What are the top three tips you would provide aspiring physicians?
“Number one: Be prepared and understand you may be the only one in a patient's life at a particular time that makes a huge impact on their quality of life.
“A great medical student anticipates that this is not an easy journey. Two years of biology, chemistry, physics, and math is a lot of work, and it's not just taking the classes, but it's doing well because you may be the one person who finds the diagnosis, treats it effectively, or recognizes a symptom that keeps that patient alive. So, those two things. Be prepared and then recognize your importance in the lives of the people that you take care of.
“Number two: Enjoy the ride.
“There are a lot of ups and downs as you become your best self as a medical student but know that this is just the beginning of a process for the rest of your life as an excellent physician. And know that all things will not always be easy. Part of what makes you a good doctor is that you are going to run into adversity and you're going to have the tools necessary to be successful. And just as [students] think the SAT test was so hard when they took it, well, next is the MCAT. And they thought that was so hard. And then they get to USMLE parts 1, 2, and 3. That was so hard. And then they get to the board exams. It doesn't get easier. You just get better and recognizing that makes you, I believe, the best physician that you can be.
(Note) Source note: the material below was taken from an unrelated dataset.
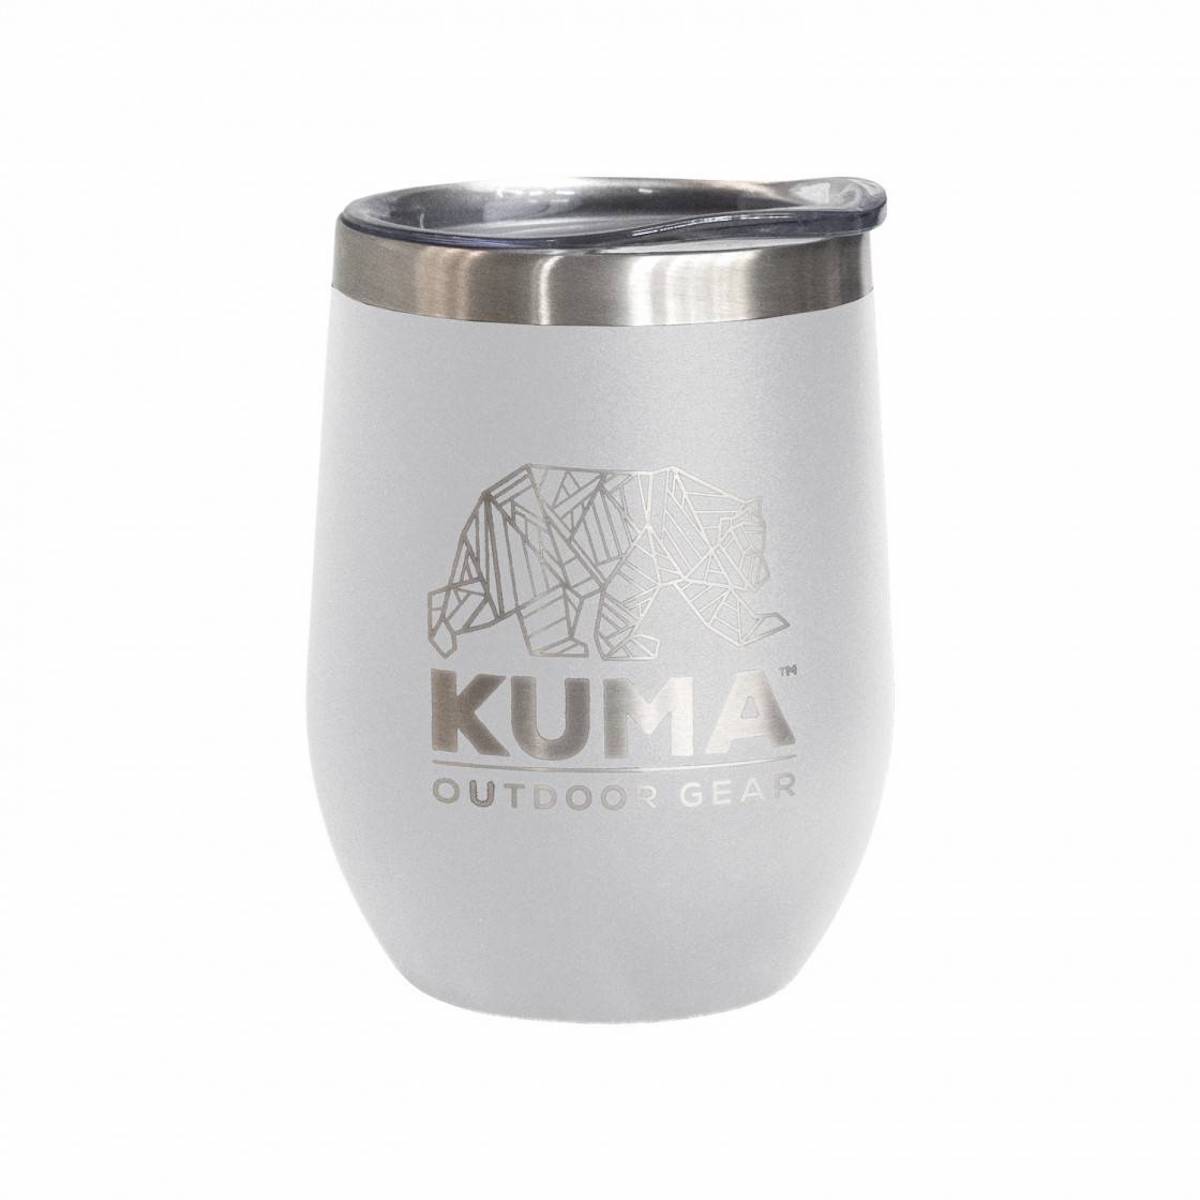 Kuma Wine Tumbler - White

“Number three: Recognize your importance and the impact you make in patients’ lives.
“There are no small interactions with patients. There are no routines.”
While a patient may come in for a routine pap smear and preventative healthcare, Dr. Hines said a physician should always be inquisitive and document anything else of note observed during the exam.
Much has been written about different types of healthcare practices and how patients often feel as though they're going through the motions at the doctor’s office within a very specified amount of time. In addition, doctors are often so busy that they can lose sight of connection with patients. What can you say about your work with Kaiser Permanente that allows you to dig deeper to create a connection with your patients to reveal more about what is happening with their health?
“Well, I think we learn tools as Kaiser Permanente partners and we invest in the beginning. There's a whole protocol we [as physicians] learned to make sure that we are meeting the needs of the patient, so investing in the beginning – that means stopping for a moment, recognizing [a patient] as a human, finding something that you guys have in common – you do that before you walk in the room, read the chart—so once you’ve read the chart, maybe you guys have the same birthday, maybe they talked about their children with the previous exam - make a connection.
“Once you make the connection, sit down. I don't care how busy you are. If you sit down patients feel listened to … and when you do listen, listen carefully. Try not to interfere. Try not to talk. Just listen, and then once you're listening, start the exam.”